March 26, 2017
A huge fraction of analytics is about monitoring. People rarely want to frame things in those terms; evidently they think “monitoring” sounds boring or uncool. One cost of that silence is that it’s hard to get good discussions going about how monitoring should be done. But I’m going to try anyway, yet again.
Business intelligence is largely about monitoring, and the same was true of predecessor technologies such as green paper reports or even pre-computer techniques. Two of the top uses of reporting technology can be squarely described as monitoring, namely:
- Watching whether trends are continuing or not.
- Seeing if there are any events — actual or impending as the case may be — that call for response, in areas such as:
- Machine breakages (computer or general metal alike).
- Resource shortfalls (e.g. various senses of “inventory”).
Yes, monitoring-oriented BI needs investigative drilldown, or else it can be rather lame. Yes, purely investigative BI is very important too. But monitoring is still the heart of most BI desktop installations.
Predictive modeling is often about monitoring too. It is common to use statistics or machine learning to help you detect and diagnose problems, and many such applications have a strong monitoring element.
I.e., you’re predicting trouble before it happens, when there’s still time to head it off.
As for incident response, in areas such as security — any incident you respond to has to be noticed first Often, it’s noticed through analytic monitoring.
Hopefully, that’s enough of a reminder to establish the great importance of analytics-based monitoring. So how can the practice be improved? At least three ways come to mind, and only one of those three is getting enough current attention.
The one that’s trendy, of course, is the bringing of analytics into “real-time”. There are many use cases that genuinely need low-latency dashboards, in areas such as remote/phone-home IoT (Internet of Things), monitoring of an enterprise’s own networks, online marketing, financial trading and so on. “One minute” is a common figure for latency, but sometimes a couple of seconds are all that can be tolerated.
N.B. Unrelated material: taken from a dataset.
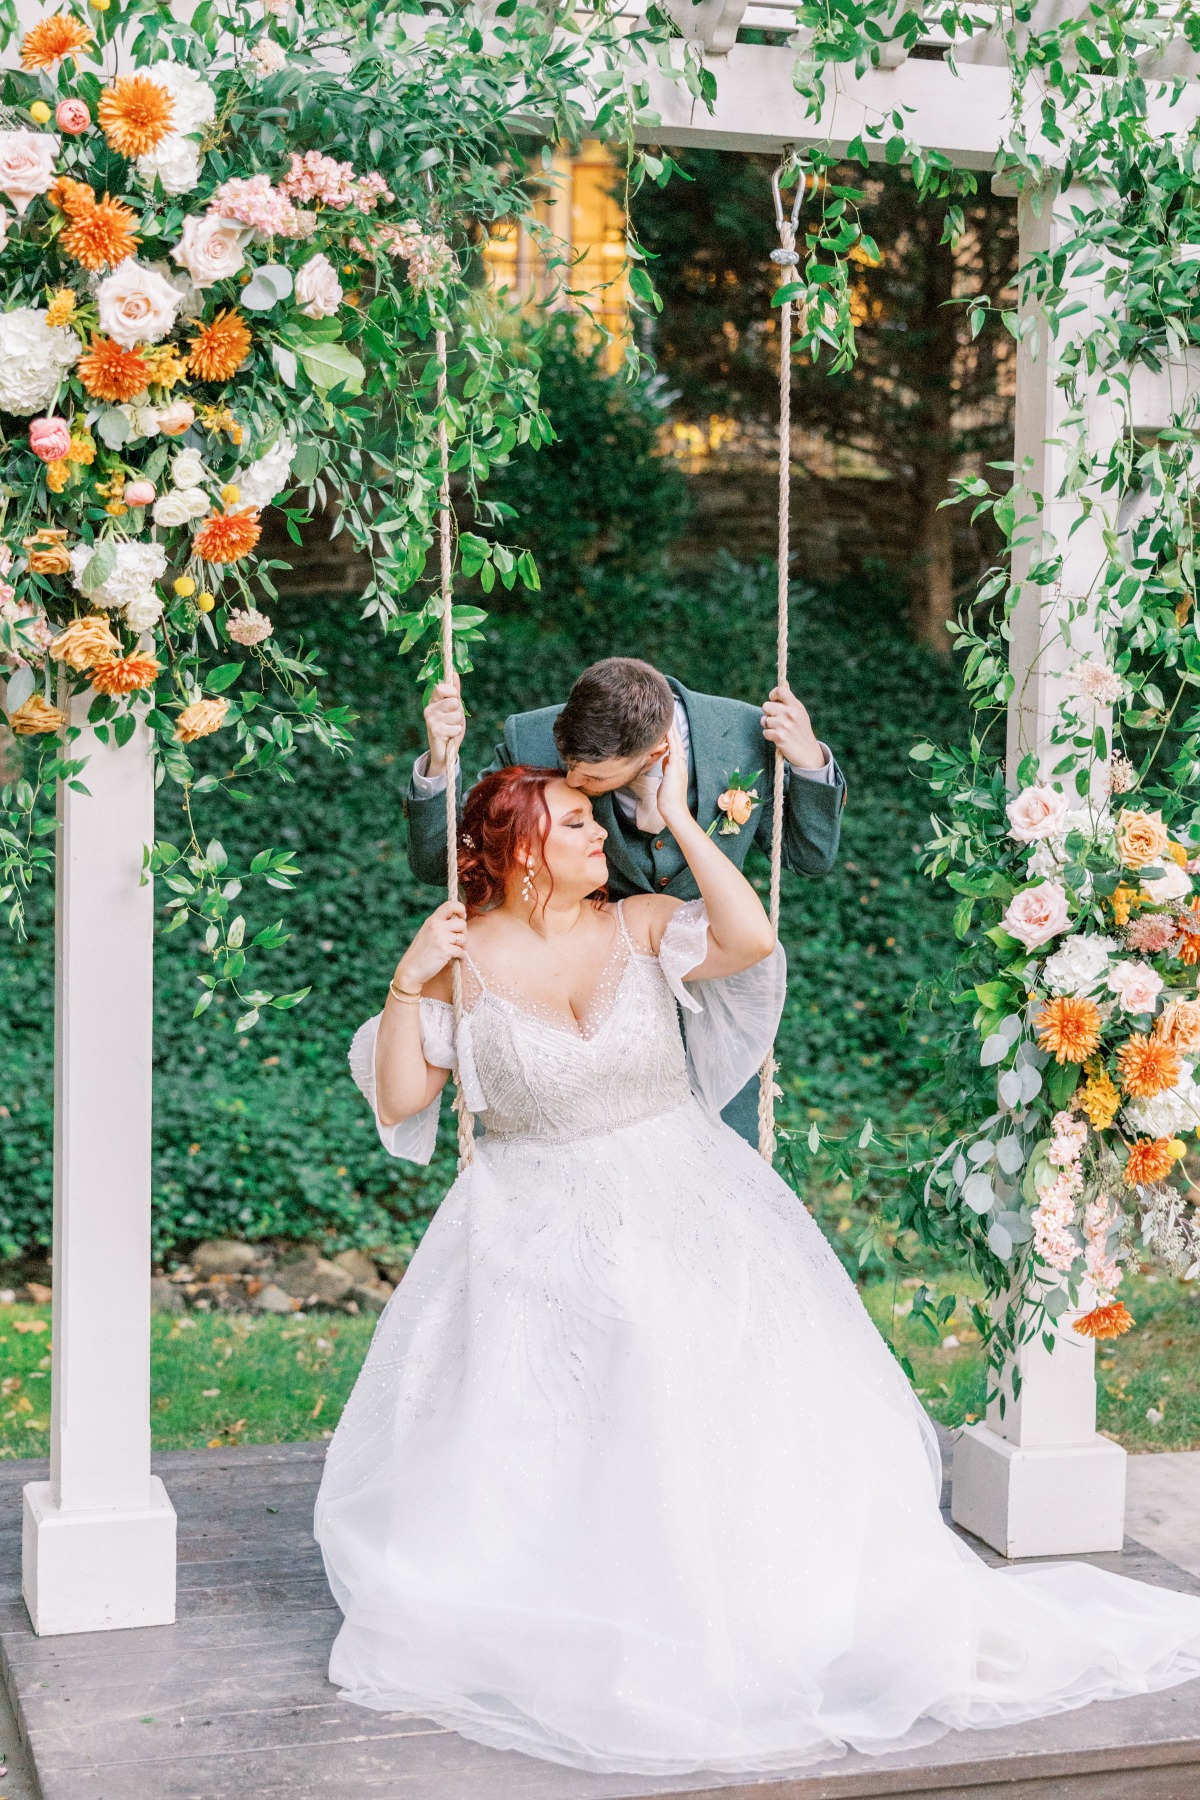 Vibrant and Artful Wedding From The Mind Of A Wedding Planner

I’ve posted a lot about all this, for example in posts titled:
One particular feature that could help with high-speed monitoring is to meet latency constraints via approximate query results. This can be done entirely via your BI tool (e.g. Zoomdata’s “query sharpening”) or more by your DBMS/platform software (the Snappy Data folks pitched me on that approach this week).
Perennially neglected, on the other hand, are opportunities for flexible, personalized analytics. (Note: There’s a lot of discussion in that link.) The best-acknowledged example may be better filters for alerting. False negatives are obviously bad, but false positives are dangerous too. At best, false positives are annoyances; but too often, alert fatigue causes you employees to disregard crucial warning signals altogether. The Gulf of Mexico oil spill disaster has been blamed on that problem. So was a fire in my own house. But acknowledgment != action; improvement in alerting is way too slow. And some other opportunities described in the link above aren’t even well-acknowledged, especially in the area of metrics customization.
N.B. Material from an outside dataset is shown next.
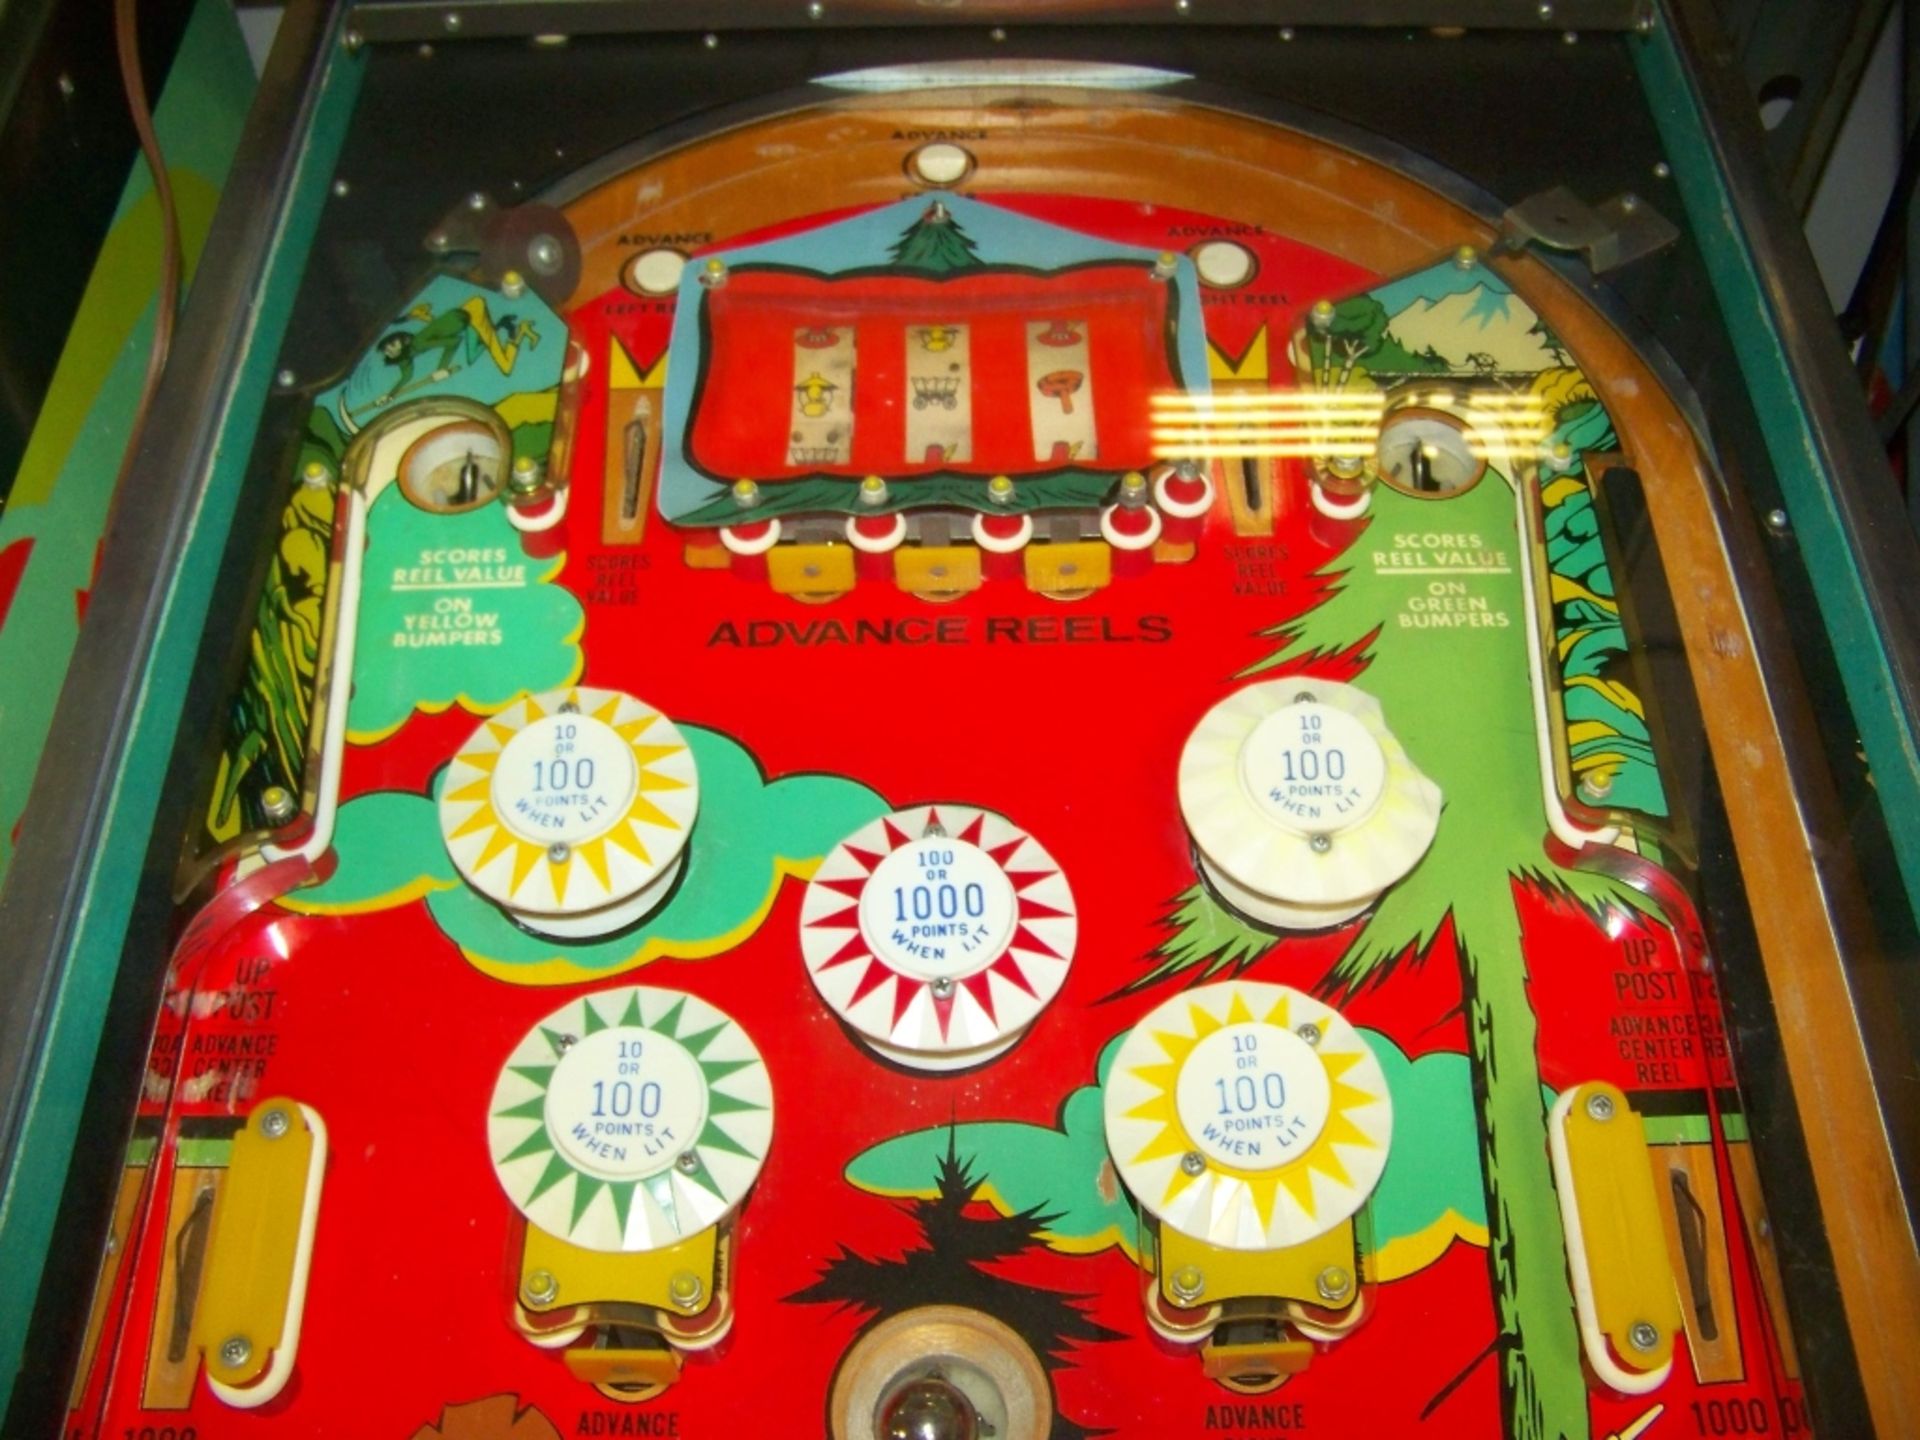 KLONDIKE PINBALL MACHINE WILLIAMS 1971 Item is in used condition. Evidence of wear and commercial - Image 5 of 5

Finally, there’s what could be called data anomaly monitoring. The idea is to check data for surprises as soon as it streams in, using your favorite techniques in anomaly management. Perhaps an anomaly will herald a problem in the data pipeline. Perhaps it will highlight genuinely new business information. Either way, you probably want to know about it.
David Gruzman of Nestlogic suggests numerous categories of anomaly to monitor for. (Not coincidentally, he believes that Nestlogic’s technology is a great choice for finding each of them.) Some of his examples — and I’m summarizing here — are:
- Changes in data format, schema, or availability. For example:
- Data can completely stop coming in from a particular source, and the receiving system might not immediately realize that. (My favorite example is the ad tech firm that accidentally stopped doing business in the whole country of Australia.)
- A data format change might make data so unreadable it might as well not arrive.
- A decrease in the number of approval fields might highlight a questionable change in workflow.
- Data quality NULLs or malformed values might increase suddenly, in particular fields and data segments.
- Data value distribution This category covers a lot of cases. A few of them are:
- A particular value is repeated implausibly often. A bug is the likely explanation.
- E-commerce results suddenly decrease, but only from certain client technology configuration. Probably there is a bug affecting only those particular clients.
- Clicks suddenly increase from certain client technologies. A botnet might be at work.
- Sales suddenly increase from a particular city. Again this might be fraud — or more benignly, perhaps some local influencers have praised your offering.
- A particular medical diagnosis becomes much more common in a particular city. Reasons can range from fraud, to a new facility for certain kinds of tests, to a genuine outbreak of disease.
David offered yet more examples of significant anomalies, including ones that could probably only be detected via Nestlogic’s tools. But the ones I cited above can probably be found via any number of techniques — and should be, more promptly and accurately than they currently are.